> _Assignment_
In the copy, keep every line below as it is and leave out the pictures.

> _Supplied data_
_ _ _
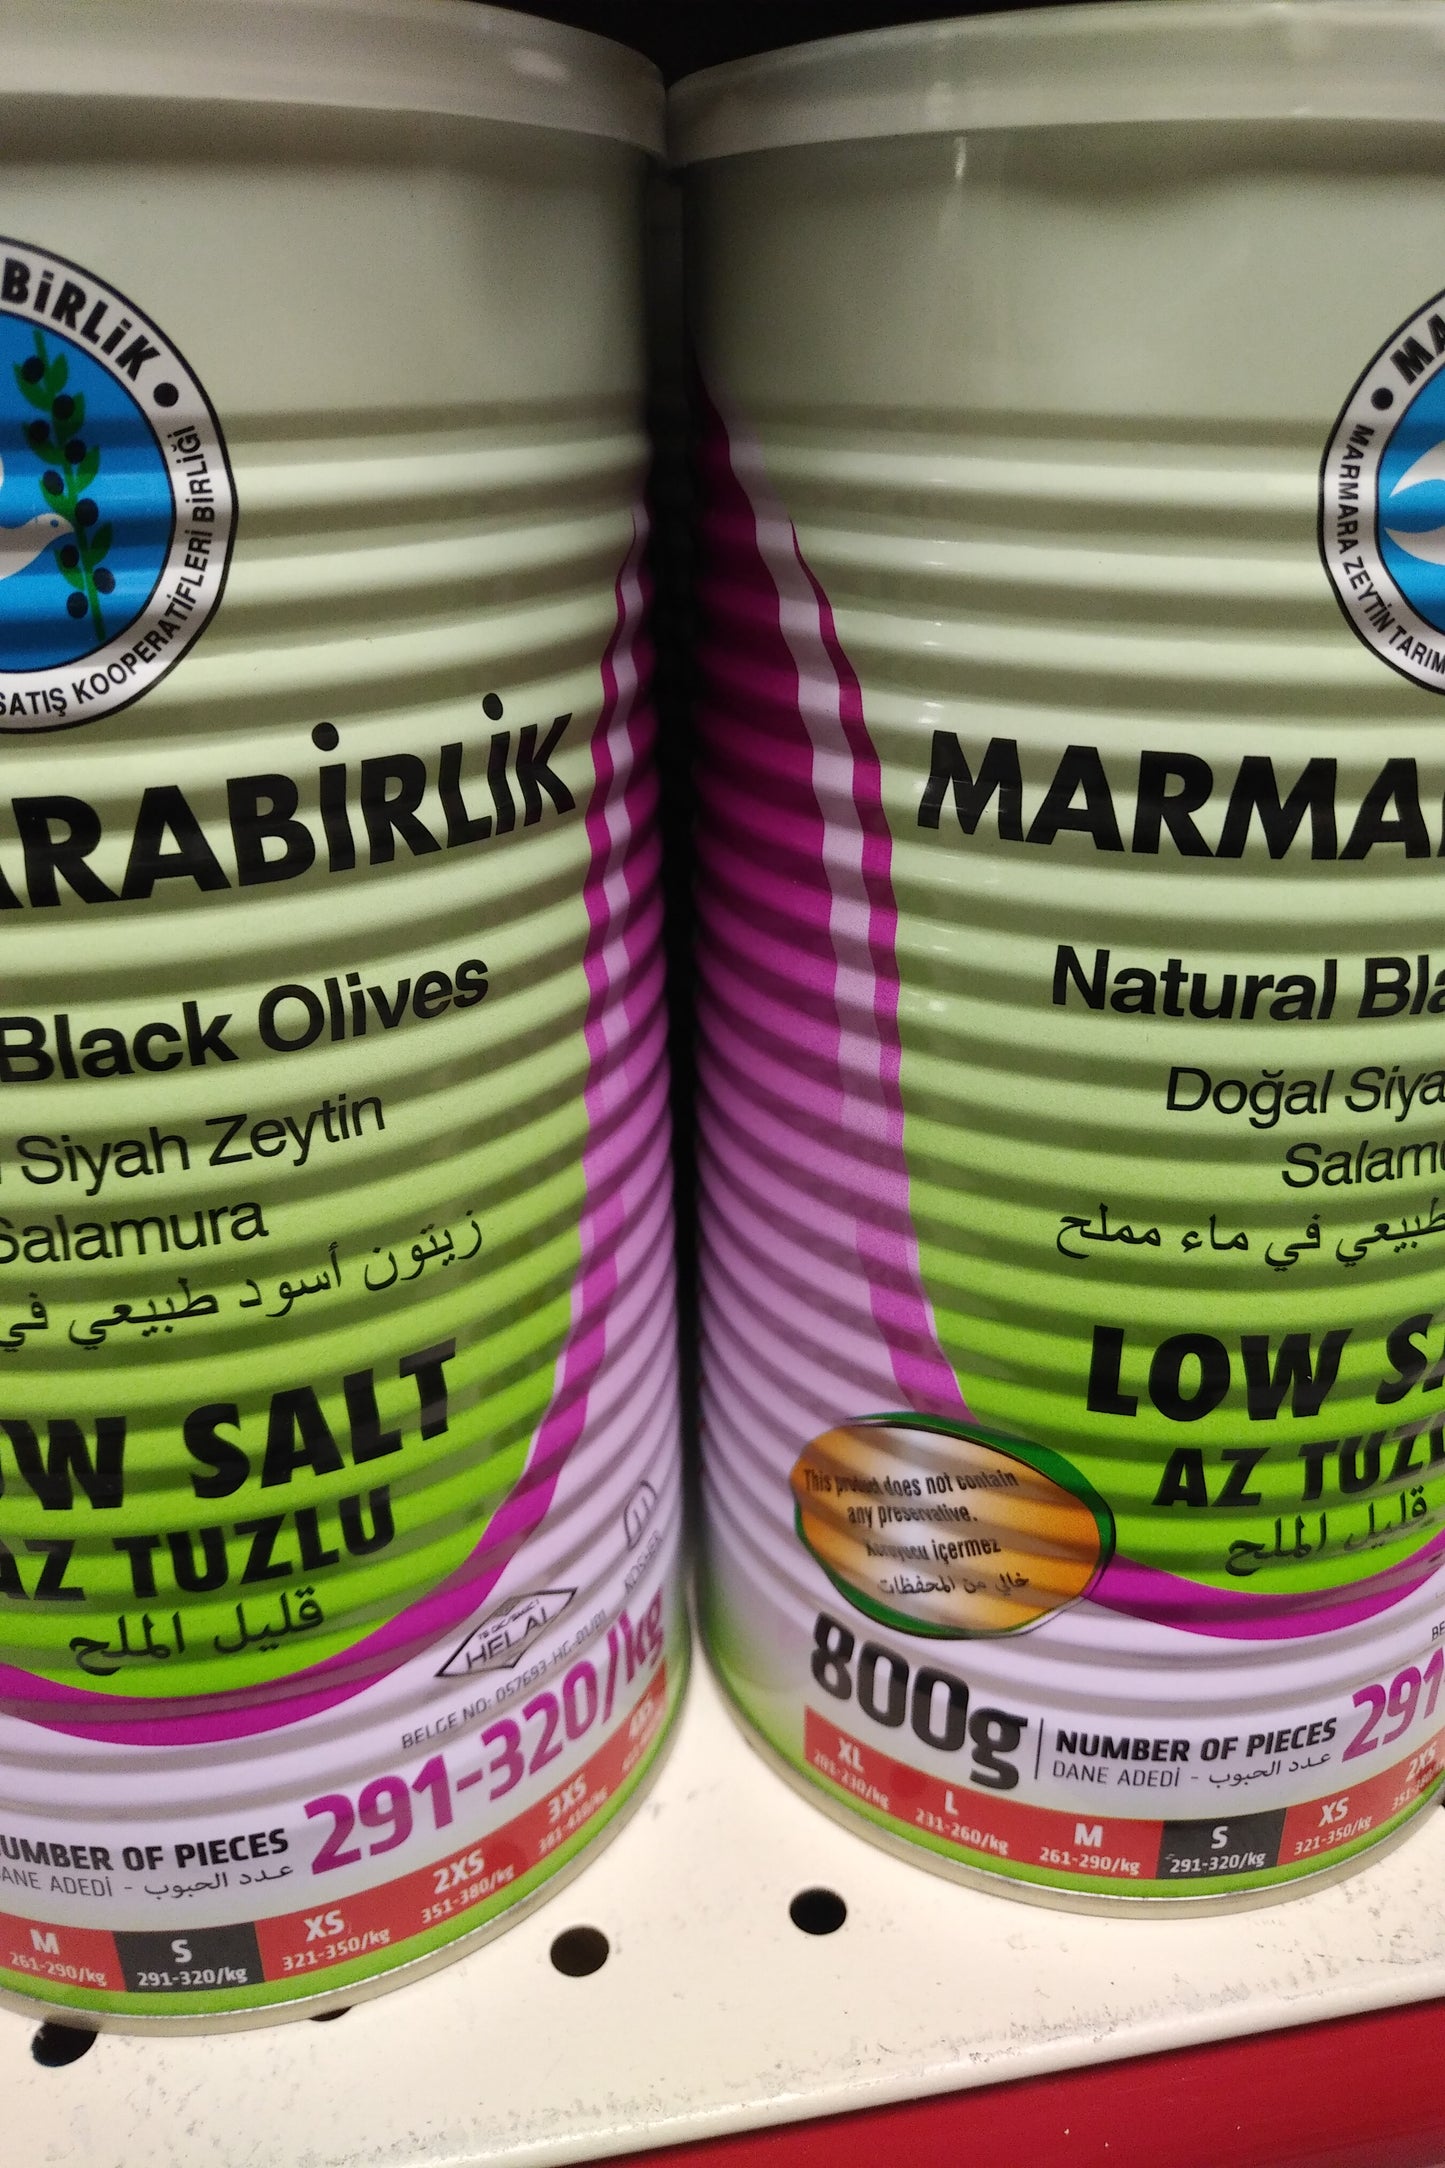 Marmarabirlik Low Salt Black Olives 800gr
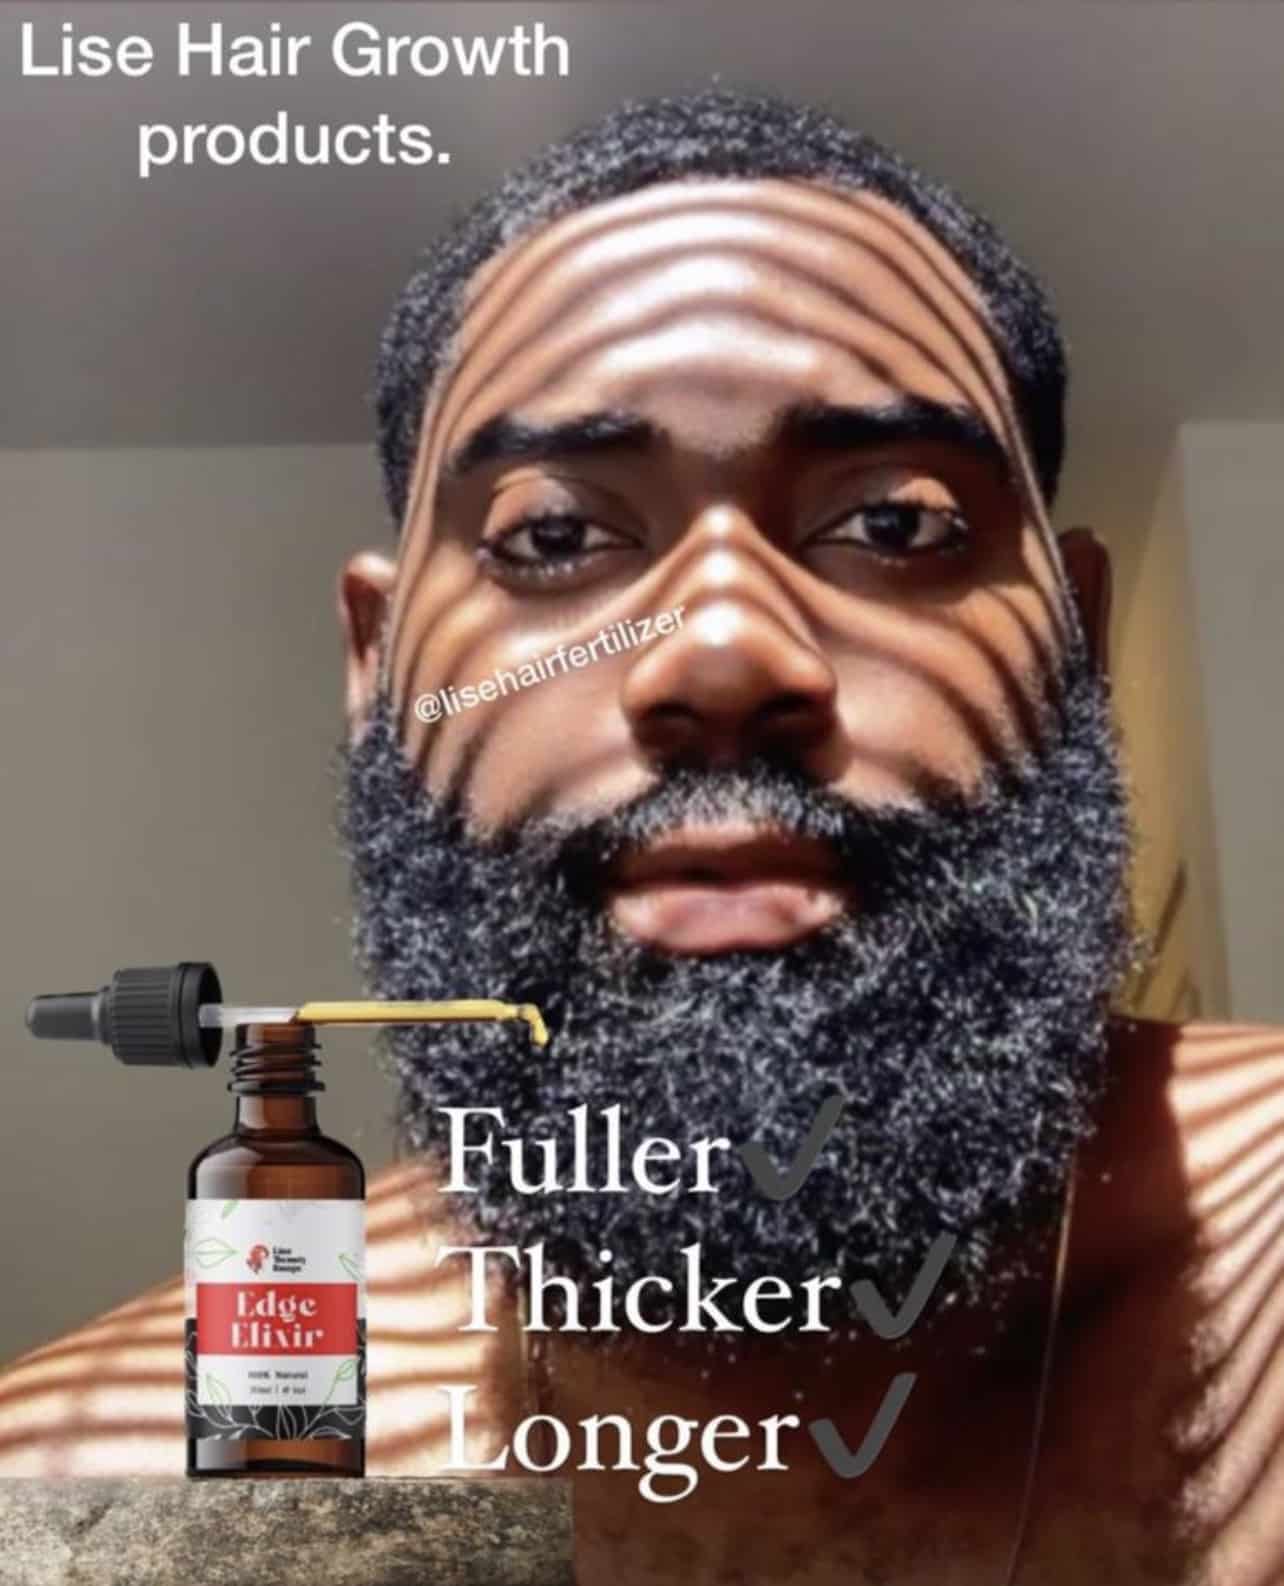 Beard oil / Edge Elixir
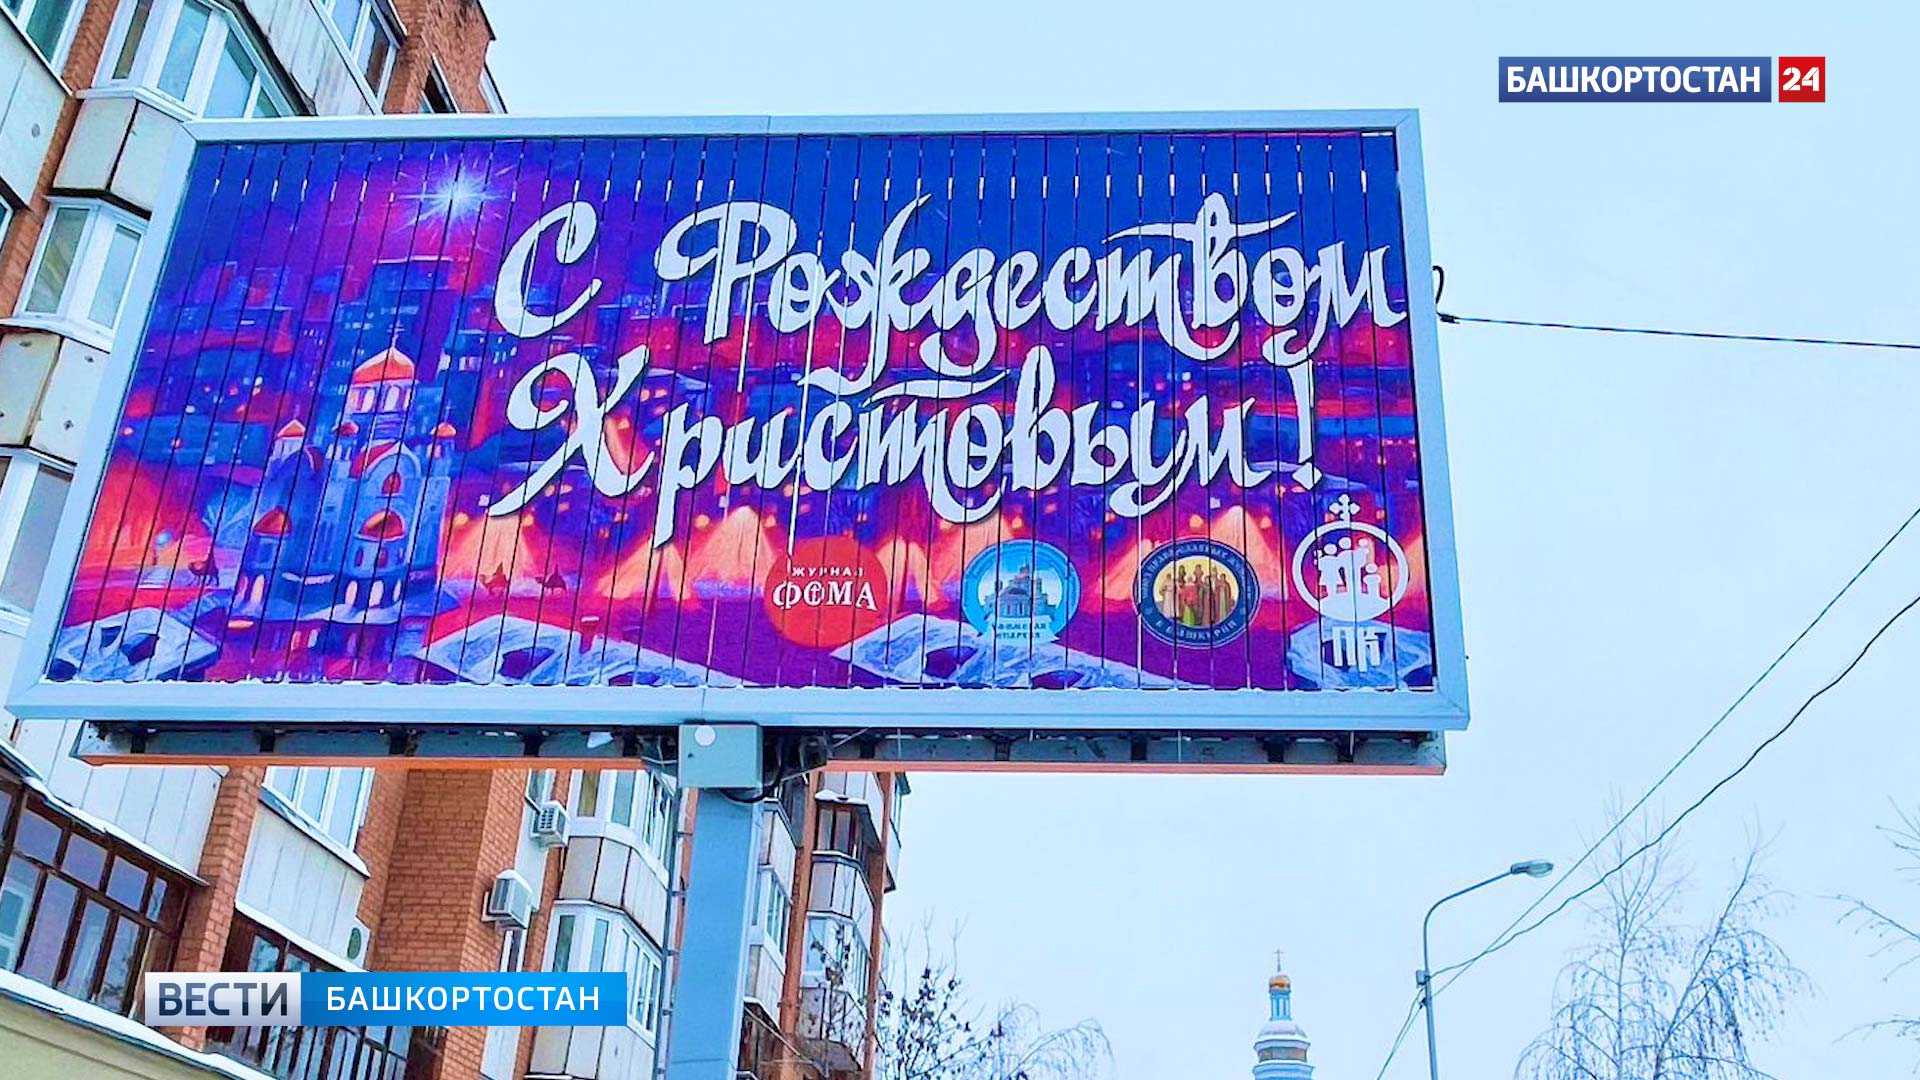 Жителей Башкирии поздравили с Рождеством Христовым и в нескольких городах установили поздравительные билборды
_ _ _
> _Your response_
 Marmarabirlik Low Salt Black Olives 800gr
 Beard oil / Edge Elixir
 Жителей Башкирии поздравили с Рождеством Христовым и в нескольких городах установили поздравительные билборды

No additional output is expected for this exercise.